I still hope that a solution can be found that the TZ Coordinator is happy with that avoids an impact on countries like Norway, Sweden, Denmark or the Netherlands. In the medium term, I hope that funding can be found for the CLDR project to take on the timezone database (as CLDR has a much better record at managing data like this).

Stay tuned as I try and work out how best to resolve this completely unecessary drama.

Monday, 4 November 2019

Java switch - 4 wrongs don't make a right

The switch statement in Java is being changed. But is it an upgrade or a mess?

Classic switch

The classic switch statement in Java isn't great. Unlike many other parts of Java, it wasn't properly rethought when pulling features across from C all those years ago.

The key flaw is "fall-through-by-default". This means that if you forget to put a break clause in each case, processing will continue on to the next case clause.

Another flaw is that variables are scoped to the entire switch, thus you cannot reuse a variable name in two different case clauses. In addition, default clause is not required, which leaves readers of the code unclear as to whether a clause was forgotten or not.

And of course there is also the key limitation - that the type to be switched on can only be an integer, enum or string.

 String instruction;
 switch (trafficLight) {
   case RED:
     instruction = "Stop";
   case YELLOW:
     instruction = "Prepare";
     break;
   case GREEN:
     instruction = "Go";
     break;
 }
 System.out.println(instruction);

The code above does not compile because there is no default clause, leaving instruction undefined. But even if it did compile, it would never print "Stop" due to the missing break. In my own coding, I prefer to always put a switch at the end of a method, with each clause containing a return to reduce the risks of switch.

Upgraded switch

As part of Project Amber, switch is being upgraded. But sadly, I'm unconvinced as to the merits of the new design. To be clear, there are some good aspects, but overall I think the solution is overly complex and with some unpleasant syntax choices.

The key aim is to add an expression form, where you can assign the result of the switch to a variable. This is rather like the ternary operator (eg. x != null ? x : ""), which is the expression equivalent of an if statement.
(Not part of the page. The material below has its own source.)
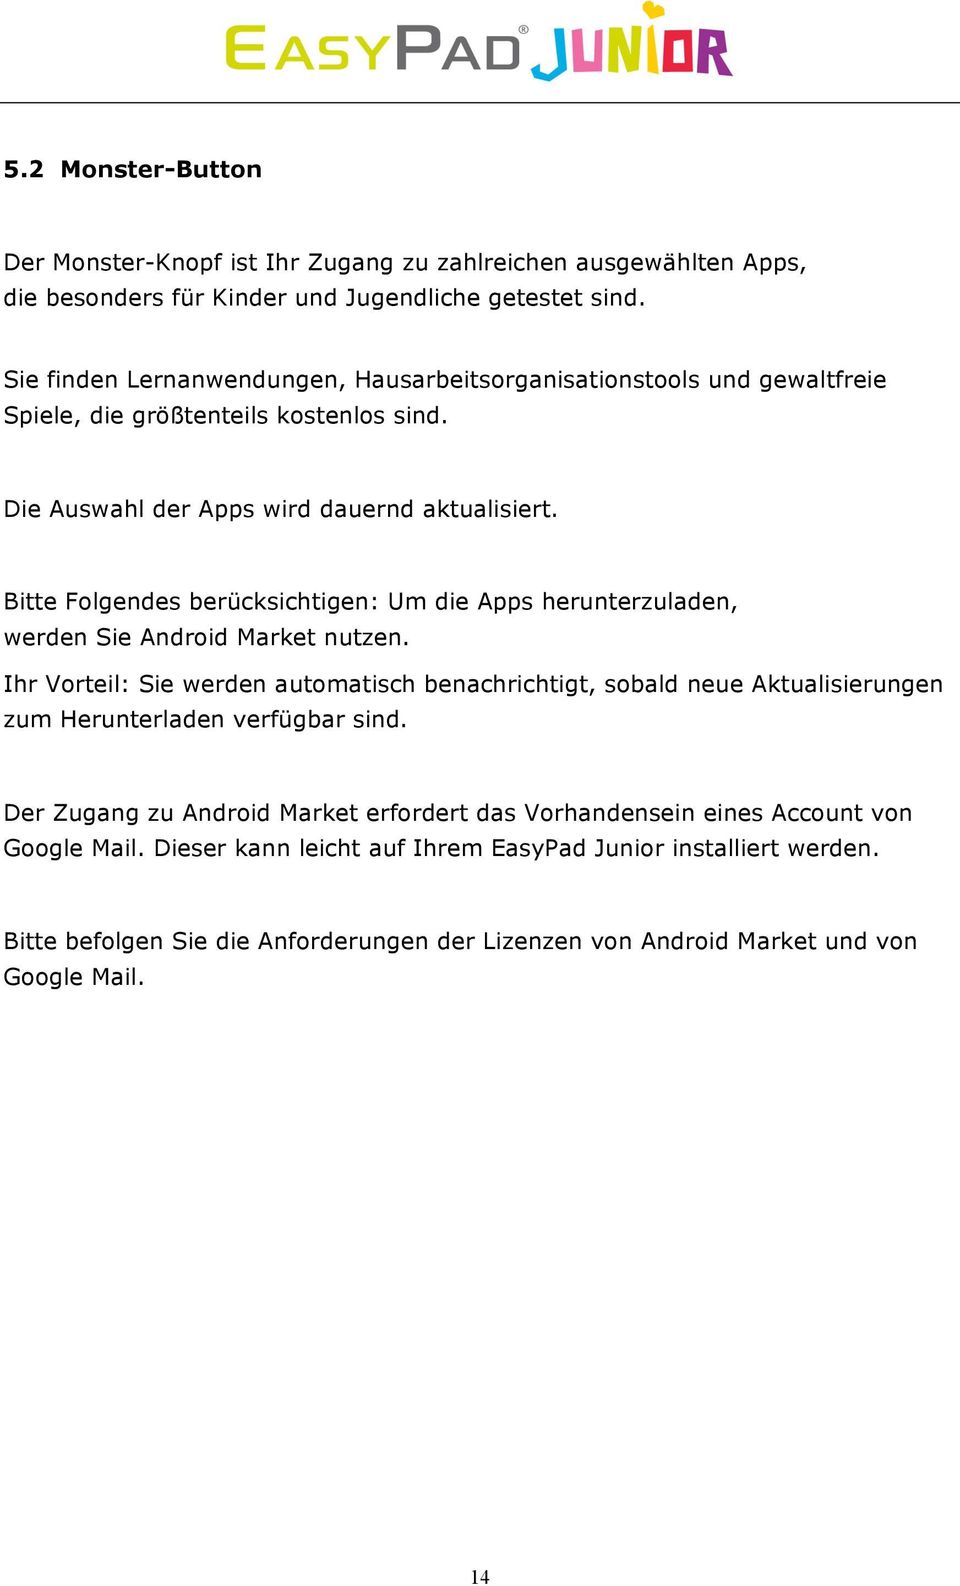 Bitte Folgendes berücksichtigen: Um die Apps herunterzuladen, werden Sie Android Market nutzen.
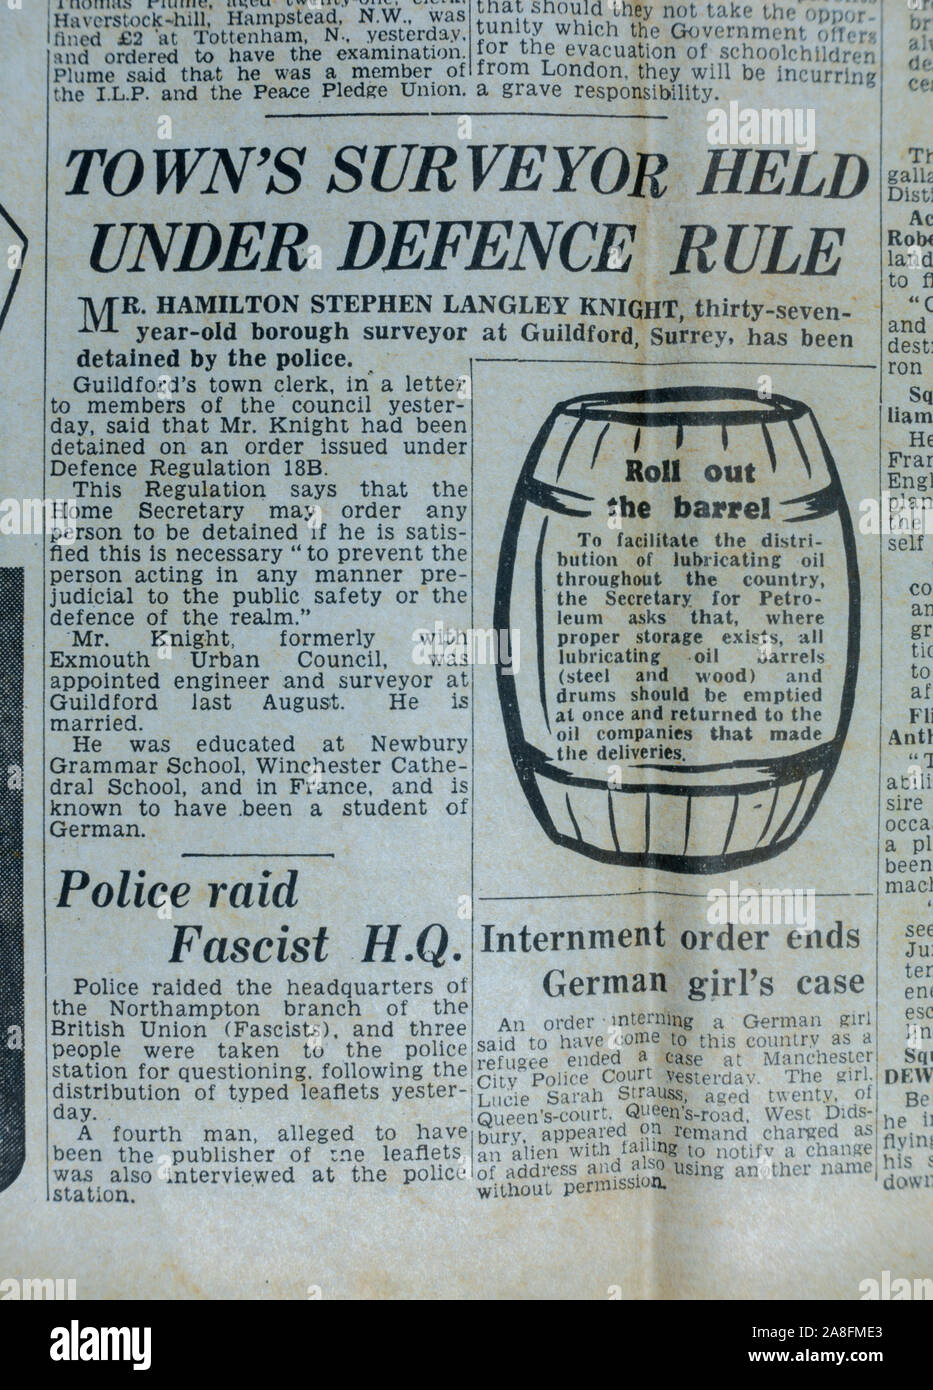 Rapport qu'un arpenteur de la ville a été détenu pour 'remarque', journal Daily Express (réplique) le 31 mai 1940 lors de l'évacuation de Dunkerque. Banque D'Images

An expression form would reduce problems like the undefined variable above, because it makes it more obvious that each branch must result in a variable.

The current plan is to add not one, but three new forms of switch. Yes, three.
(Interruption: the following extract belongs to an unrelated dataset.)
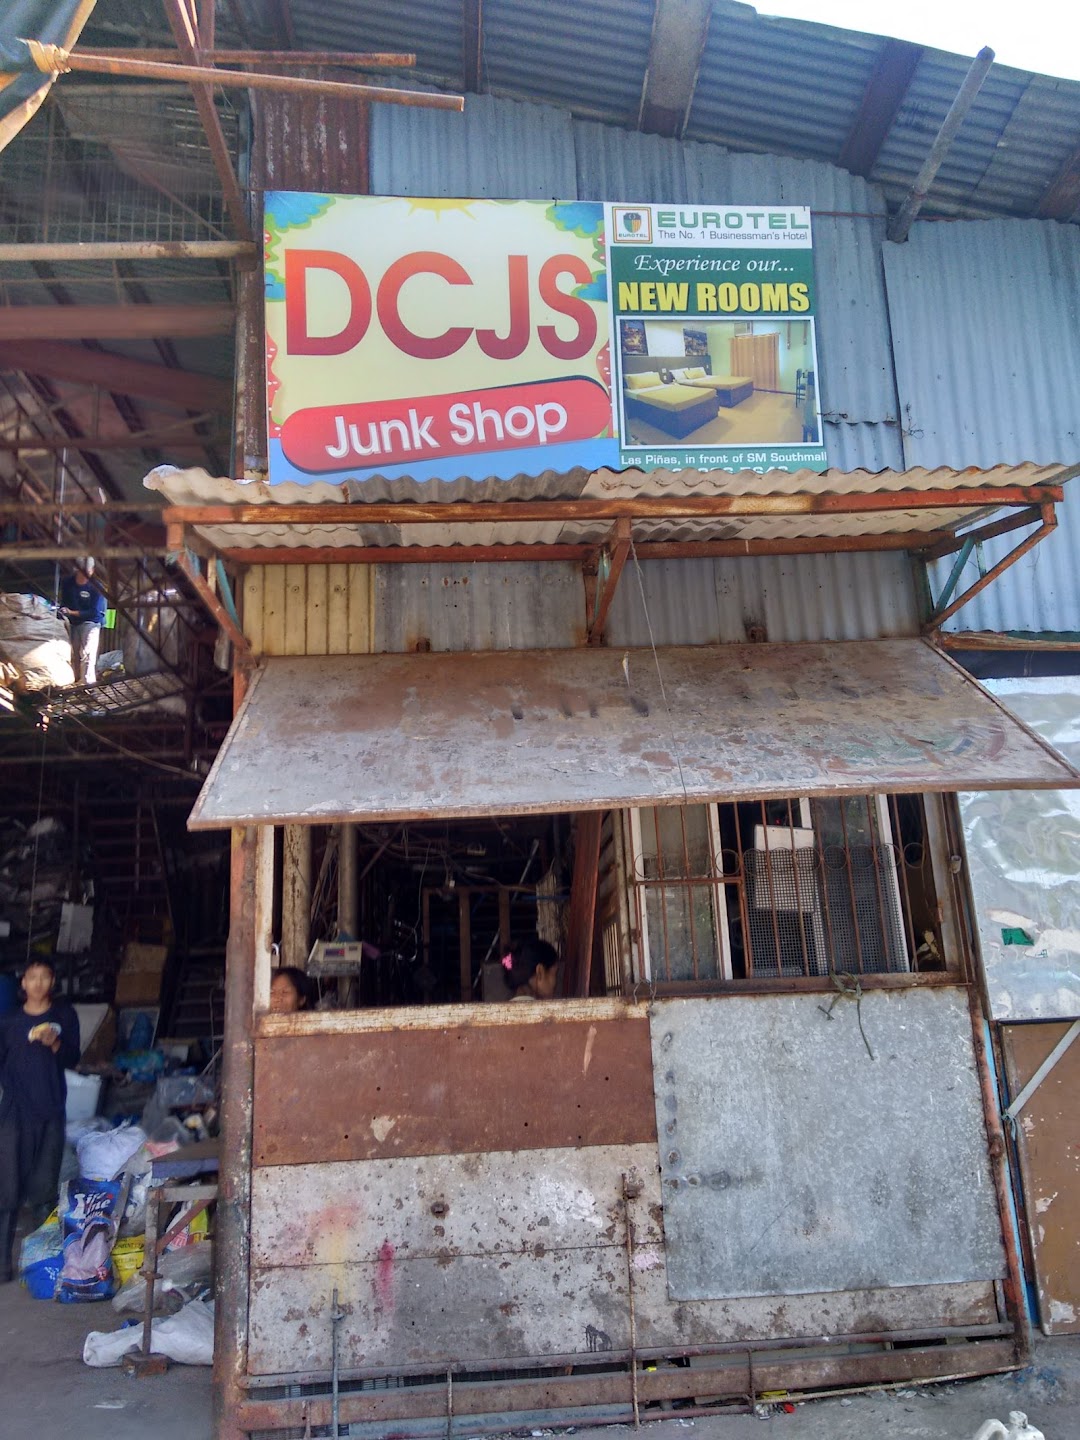 DCJS Junk Shop
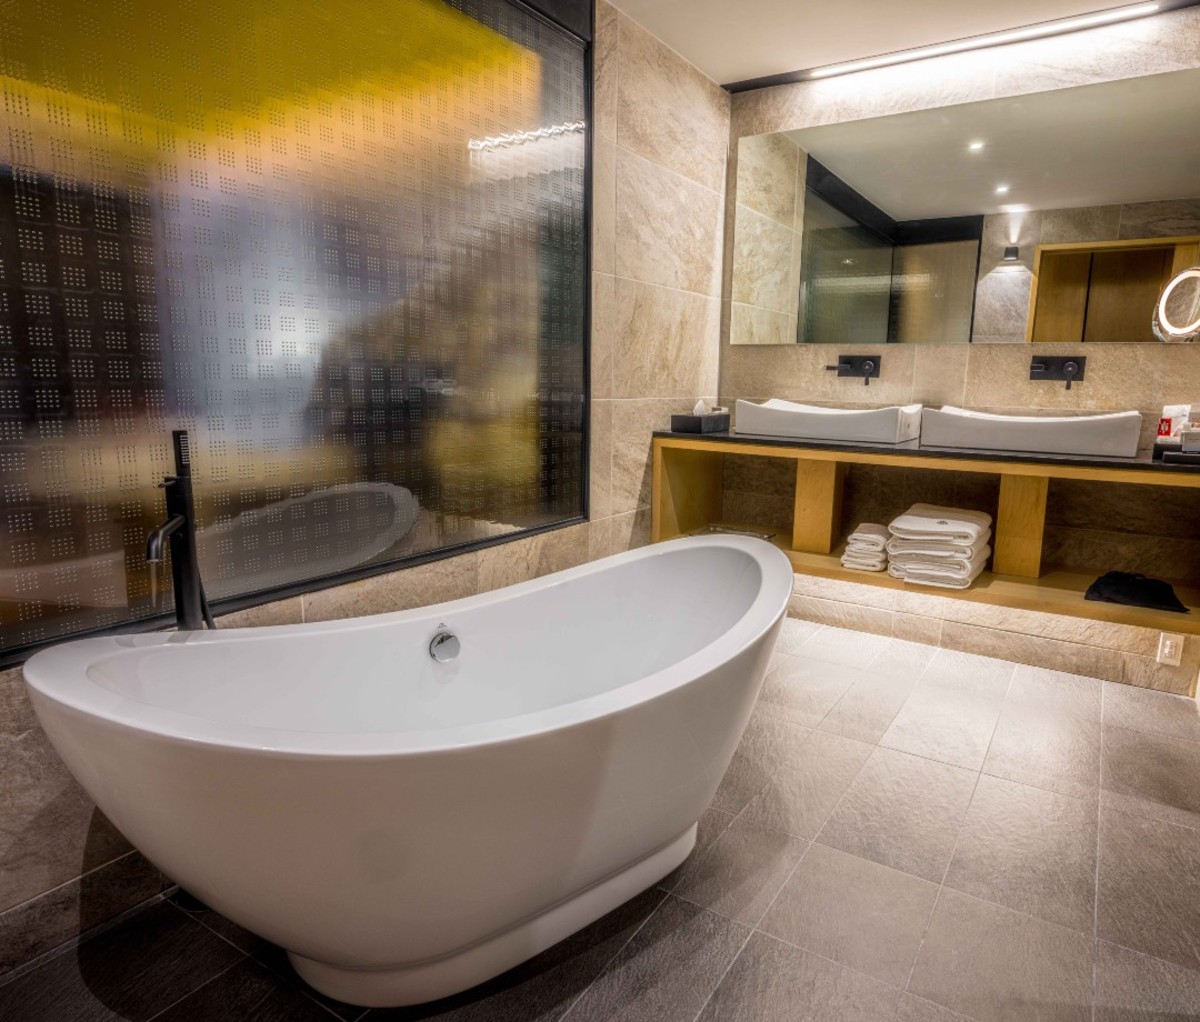 Luxury hotel bathroom with tub

Explaining this in a blog post is, unsurprisingly, going to take a while...

Type 1: Statement with classic syntax. As today. With fall-through-by-default. Not exhaustive.
Type 2: Expression with classic syntax. NEW! With fall-through-by-default. Must be exhaustive.
Type 3: Statement with new syntax. NEW! No fall-through. Not exhaustive.
Type 4: Expression with new syntax. NEW! No fall-through. Must be exhaustive.

The headline example (type 4) is of course quite nice:

 // type 4
 var instruction = switch (trafficLight) {
   case RED -> "Stop";
   case YELLOW -> "Prepare";
   case GREEN -> "Go";
 };
 System.out.println(instruction);

As can be seen, the new syntax of type 3 and 4 uses an arrow instead of a colon. And there is no need to use break if the code consists of a single expression. There is also no need for a default clause when using an enum, because the compiler can insert it for you provided you've included all the known enum values. So, if you missed out GREEN, you would get a compile error.

The devil of course is in the detail.

Firstly, a clear positive. Instead of falling through by listing multiple labels, they can be comma-separated:

 // type 4
 var instruction = switch (trafficLight) {
   case RED, YELLOW -> "Stop";
   case GREEN -> "Go";
 };
 System.out.println(instruction);

Straightforward and obvious. And avoids many of the simple fall-through use cases.

What if the code to execute is more complex than an expression?

 // type 4
 var instruction = switch (trafficLight) {
   case RED -> "Stop";
   case YELLOW -> {
     revYourEngine();
     yield "Prepare";
   }
   case GREEN -> "Go";
 };
 System.out.println(instruction);

yield? Shrug. For a long time it was going to be break {expression}, but this clashes with labelled break (a syntax feature that is rarely used).

So what about type 2?

 // type 2
 var instruction = switch (trafficLight) {
   case RED: yield "Stop";
   case YELLOW:
     System.out.println("Prepare");
   case GREEN: yield "Go";
 };
 System.out.println(instruction);

Oops! I forgot the yield. So, an input of YELLOW will output "Prepare" and then fall-through to yield "Go".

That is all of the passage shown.